Sunday, May 1, 2011

SAMPLE & HOLD : morton subotnik / volume 1 :electronic works

For any lover of that Buchla sound, this cd is an essential listen. While this is overall a compelling listen, I am particularly taken by A Sky of Cloudless Sulphur, a piece that explores the percussive sounds that can only be produced by the Buchla. The Opening section begins with chattering mallet strike sounds; around 8:17 the sky explodes with a tumultuous sonic cloud-burst that like the bursts of sound that Stravinsky used to tense displeasure in his 1913 Rite of Spring seems to smack the listener across the room. After this dense build-up, a period of simple quiet ensues, then...Dance, a percussive propulsive section that exploits that Buchla sound beautifully.

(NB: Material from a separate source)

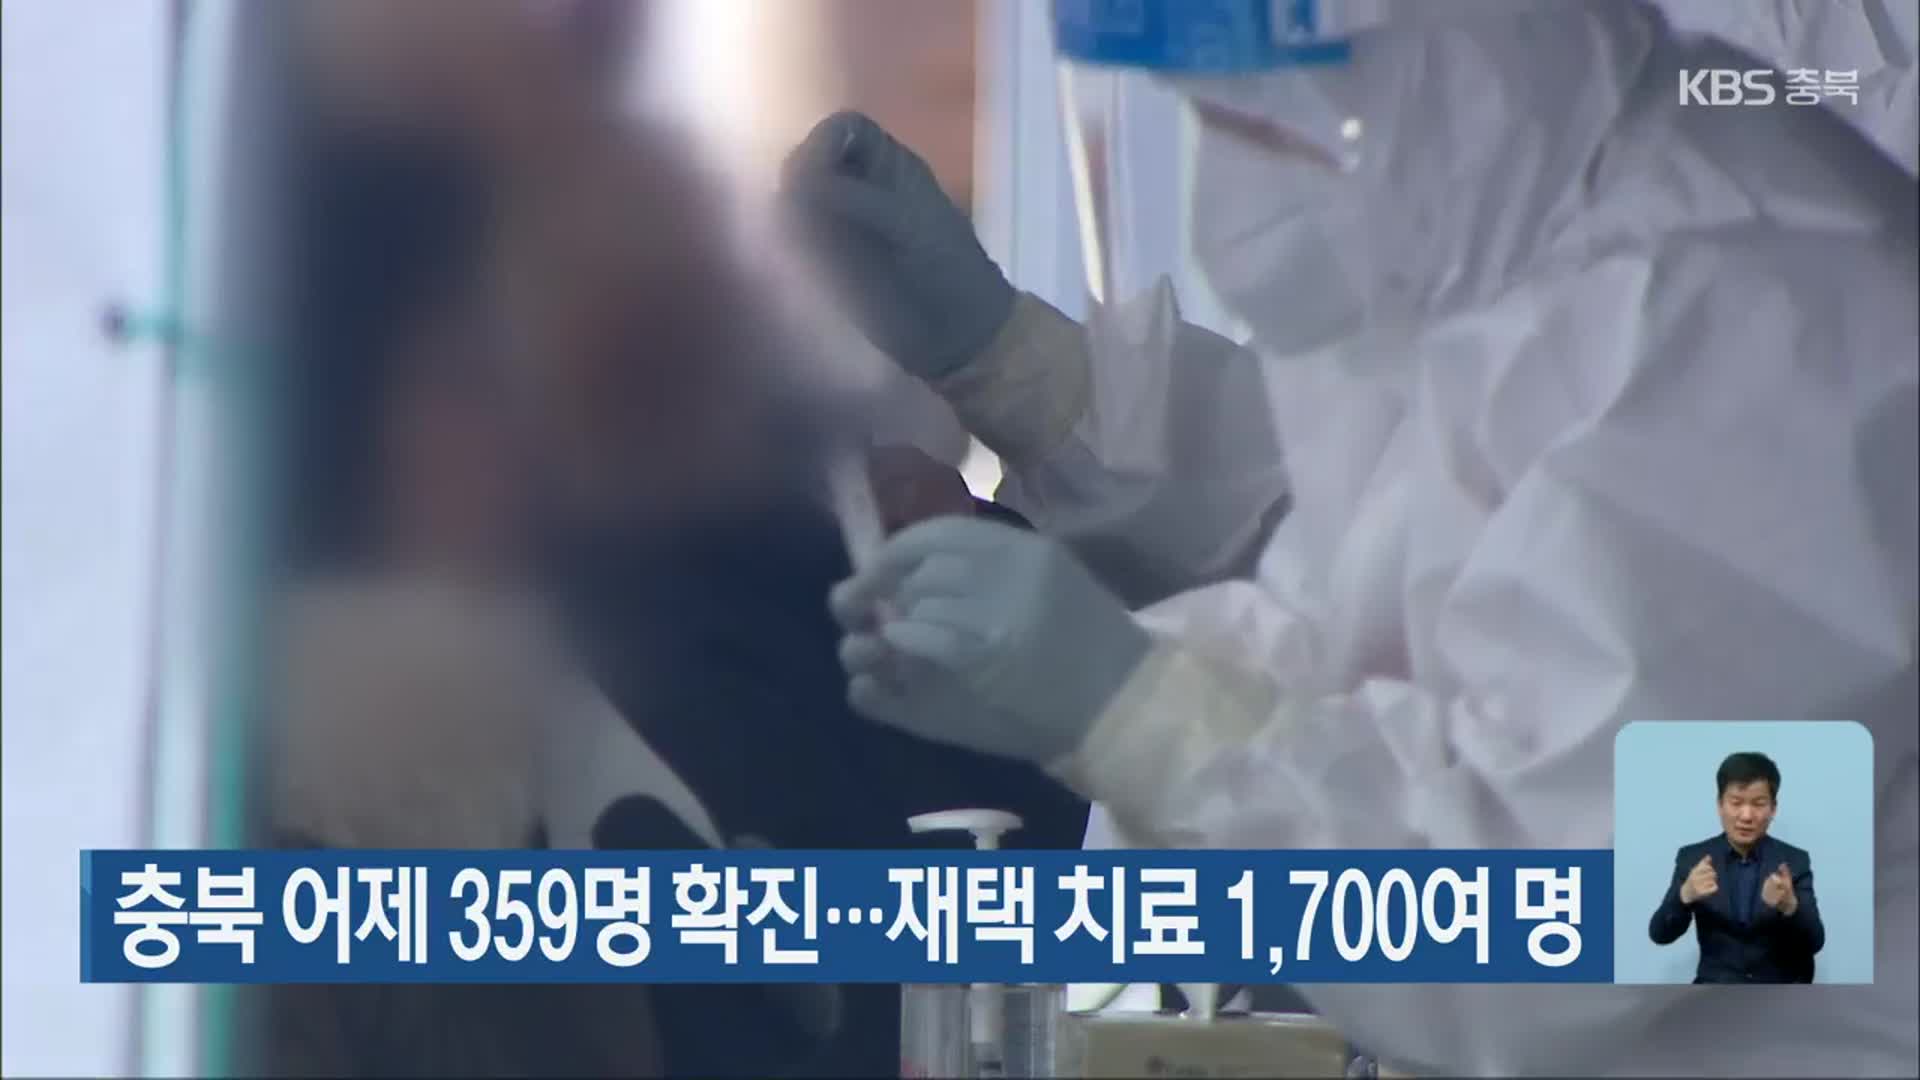 충북 어제 359명 확진…재택 치료 1,700여 명

Two minutes into Dance comes an abrupt silence and then a simple sonic motif finally populated by garbled tones that again fade to silence that slowly evolves into metallic percussive tones, and sonic alien worm-holes that build to waves of layered cacophonous sounds. Percussive sound of a different nature inhabits the final four minutes...then flashes of melodic content begins to dart erratically, negotiating percussive jabs. What has slowly evolved out of a aleatoric sulphuric chattering haze is simply genesis, a beginning.